No he dejado de pensar en ella, sin embargo, ahora que nuestra relación es tan sólo profesor alumna, será más difícil poder estar con ella en una relación íntima, al menos que por ahora sólo sea un secreto entre los dos. Sólo el divino tiene la ultima palabra y que nos deparará el destino.
(nueva conquista)
Narra Katia
Estaba tan aburrida como siempre en el salón de profesores, a pesar de que Santiago, profesor de matemáticas, me ha seguido desde que entré a dar clases, sólo una vez estuvimos juntos, pero no significa que tengamos un romance, es de lo mas aburrido en la intimidad. Aquí nadie sabe que me cambié de ciudad, ya que me escapé de un mafioso con el que había tenido un negocio, así que mantengo mi identidad oculta como Katia Stuart. De repente un hombre guapo, que va, un dios griego, entra y en seguida me presento con él, no lleva alianza, así que supongo esta soltero, no habrá problemas para conquistarlo. Le coqueteo, sin embargo, parece no surgir efecto con él. ¿tendrá novia? Espero que no, David Jones es para mí.

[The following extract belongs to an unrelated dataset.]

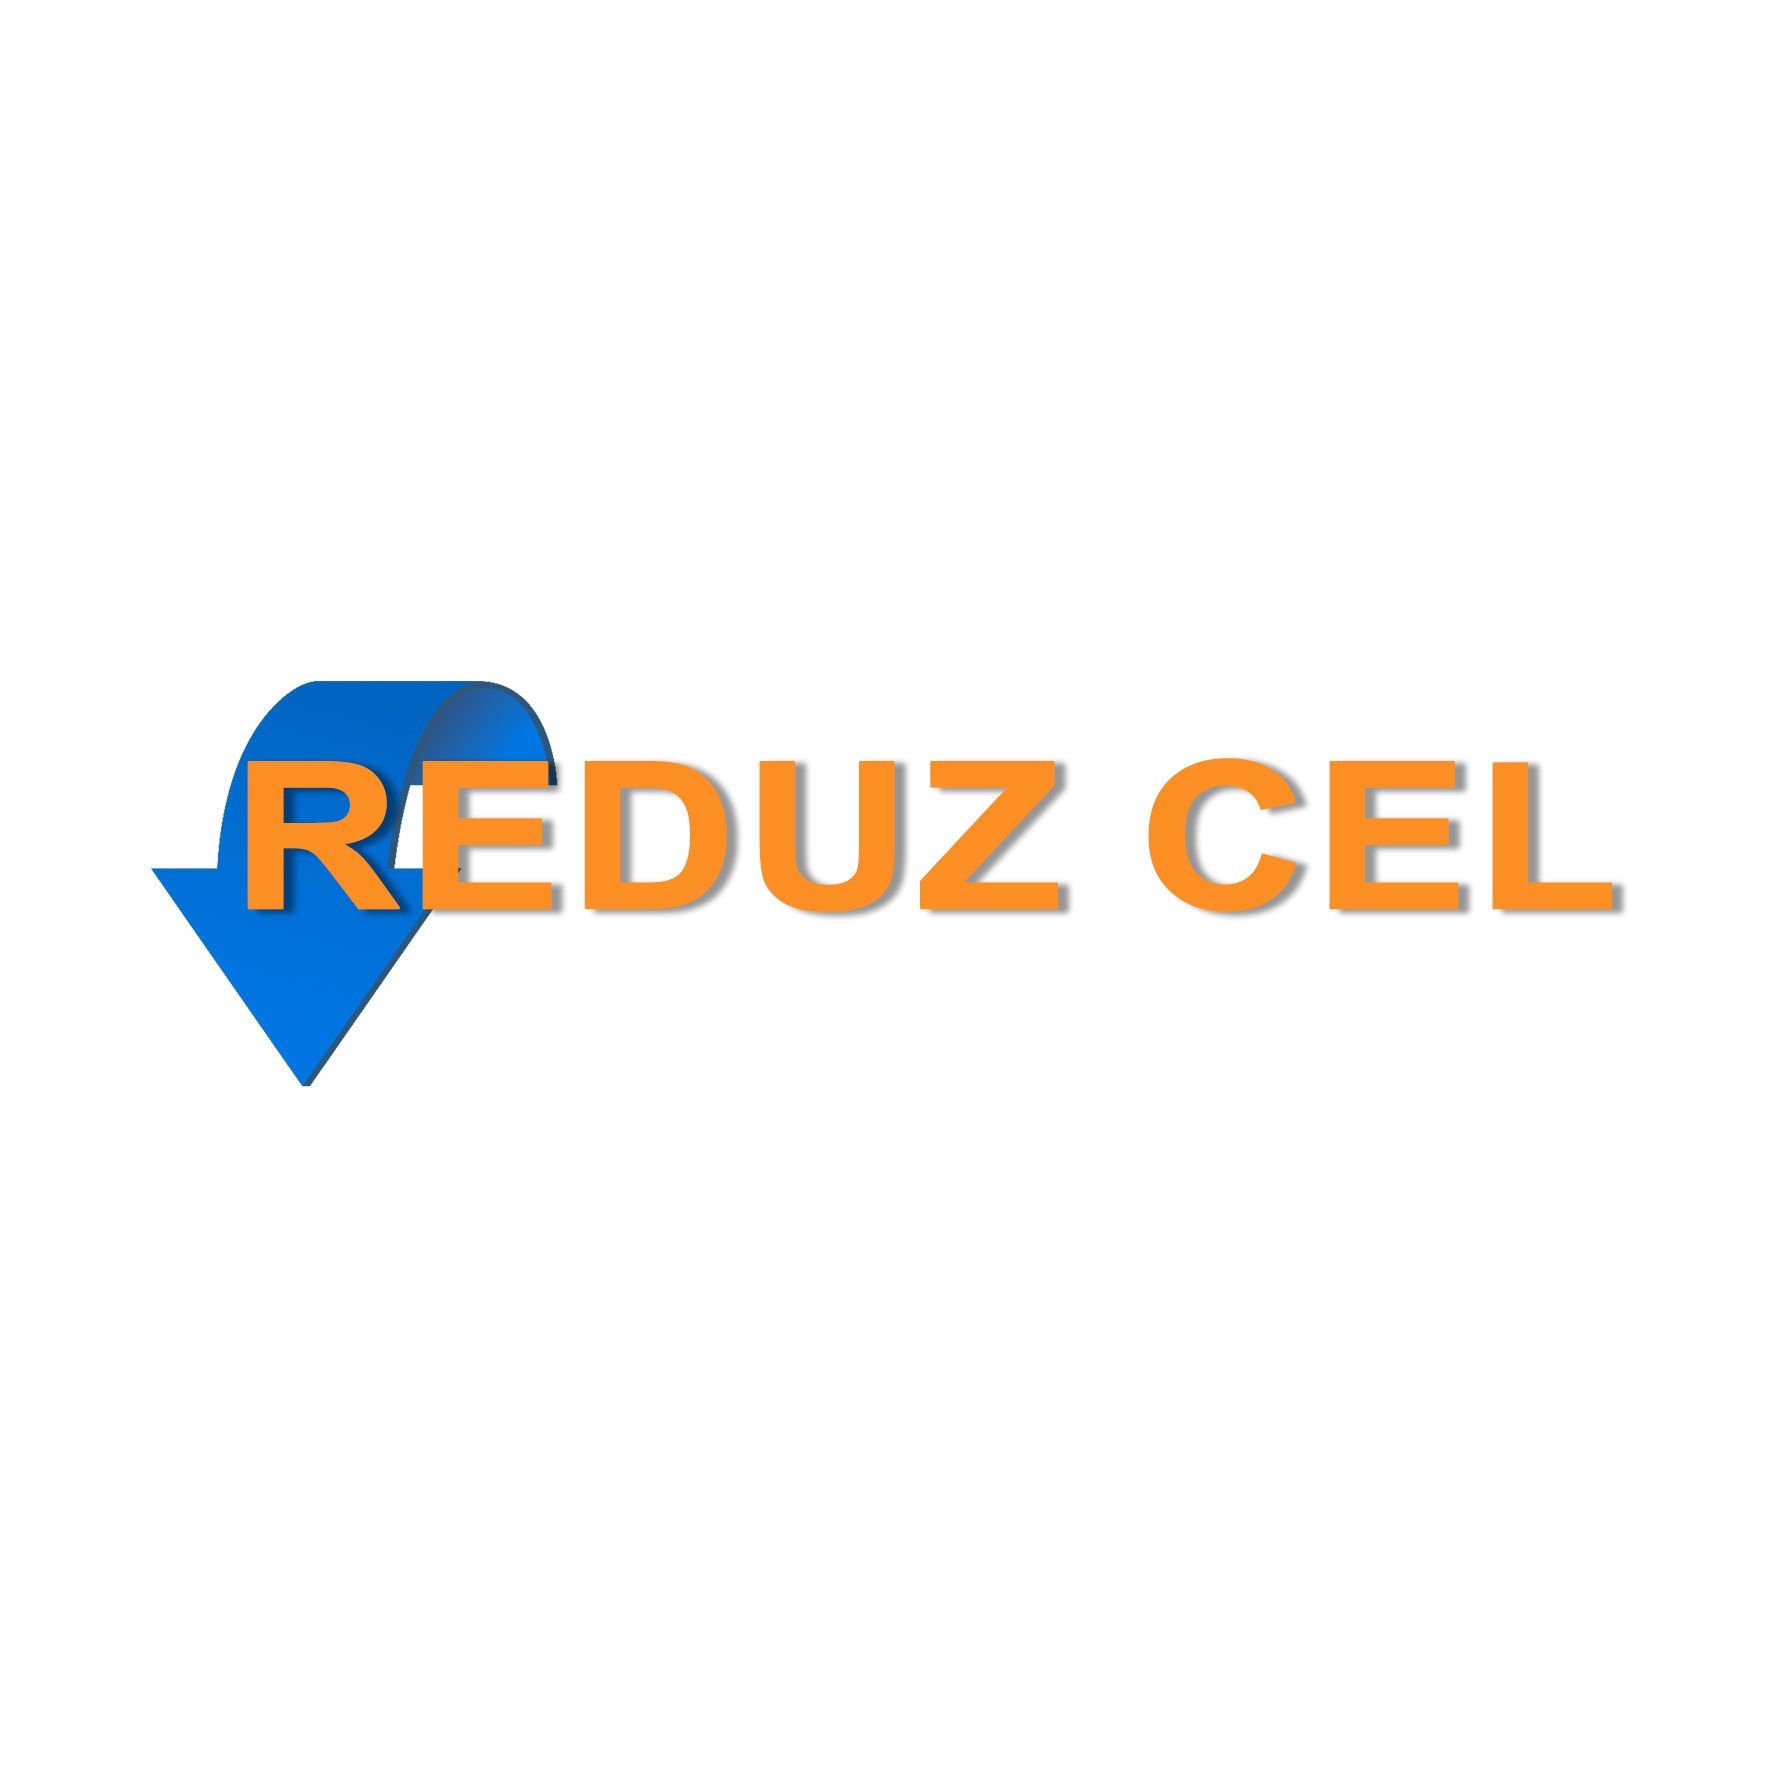 REDUZ-2-1

Después de clases, me lo encuentro, le llamo, pero no me hace caso.
– Espero que te pueda conquistar pronto.
(…)
Los días pasan y he tratado de entablar una conversación con David Jones, sin embargo, se ha visto muy distraído, tal vez sea por las clases.
A la hora de la salida lo intercepto antes de que se me vuelva a escapar, se sorprende un poco y le pido que me lleve a mi casa, así estaríamos solos y podría dar el segundo paso, llevarlo a la cama y seducirlo, así que le hice el atrevimiento de invitarlo a mi departamento con el pretexto de conocernos mejor.
Le cuento de las cosas que me gustan hacer y de comida, lo miro ya que no ha dicho ni una palabra, lo llamo y reacciona, y se disculpa conmigo por no poder pasar a mi departamento, no lo esperaba. ¡D3monios!
David Jones, tu vas a ser mi nueva conquista, no pienso permitir que otra se atraviese en mi camino o sabrá de lo que puedo hacer, conmigo nadie se mete.